Для Косарева «Правда» становилась любимой газетой. Умела она говорить с рабочими ясным, понятным языком. Очень отличалась она от других газет! Приносили в цех и меньшевистские, реже — эсеровские газеты. Из них, как из рога изобилия, лилось славословие о наступлении «новой эры», «эры свободы». «Какая же это «эра свободы»? — рассуждал в таких случаях Саша. — Буржуи наживаются на нашем труде, как при царе. Натуральная кабала, а не эра свободы».

Вот почему, когда в «Правде» появился пролетарский призыв бойкотировать буржуазные и мелкобуржуазные газеты, Саша по своей инициативе стал отгонять разносчиков таких газет от заводской проходной. Деятельная натура Косарева жаждала действия. Узнав об этом, взрослые рабочие покачали изумленно головами, посмеялись и решили: надо Косарева назначить распространителем большевистской прессы.

Встревоженные ростом влияния большевиков на массы пролетарской молодежи, меньшевики выдвинули задачу завоевать юные кадры на свою сторону. 8 апреля их газета «Вперед» выступила с программной статьей. Попала она в руки и московской пролетарской молодежи. Что же обещала партия меньшевиков ей? Какую программу юношеского движения намечала? Саша вслух читал ее одногодкам: «Борьба с уголовными романами, с желтой прессой и порнографией, общее посещение театров — вот наша программа».

— Саша, а что такое желтая пресса?

— А — порнография?..

— Да ну их к черту со своей порнографией и романами! — Саша в сердцах скомкал газету и забросил ее в угол.
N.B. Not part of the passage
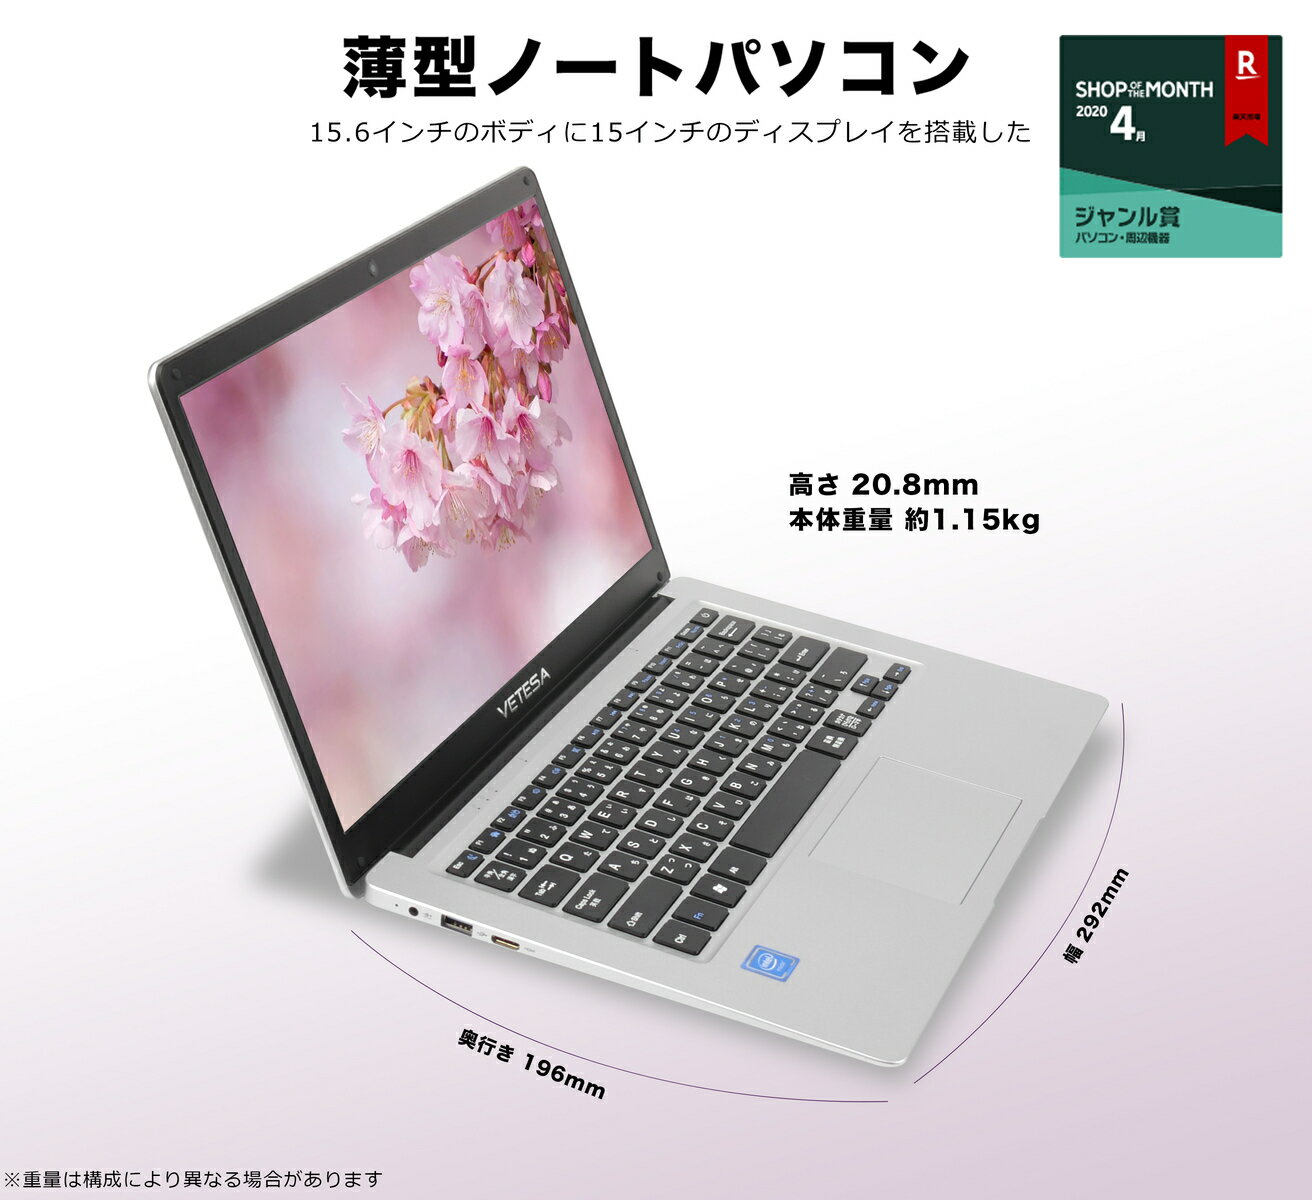 ★新品★ -在宅勤務応援-【Win 10搭載】【OFFICE搭載】 Intel E8000 /メモリー:4GB/高速SSD:64GB)/IPS広視野角15.6型フルHD液晶/Webカメラ/USB 3.0/miniHDMI/無線機能/Bluetooth/WPS office付き画像

Спустя годы Косарев в своих статьях и докладах не раз вспомнит, как «трухлявые меньшевики в те героические дни борьбы за власть звали рабочую молодежь в свои кружки, где пытались напичкать ее сознание обывательской и «культурно-просветительской» шелухой.

Рабочая молодежь не пошла за ними. Ее увлекли боевые лозунги большевистской партии, провозгласившей право молодых борцов на участие в строительстве новой власти».

Партия Ленина проявила подлинную заботу о важном резерве революционных сил, о пролетарском юношестве. Она приняла действенные меры по организации союзов рабочей молодежи, стягивала юношей и девушек под свои знамена.

В один из июньских дней Косарев прибежал в цех с «Правдой».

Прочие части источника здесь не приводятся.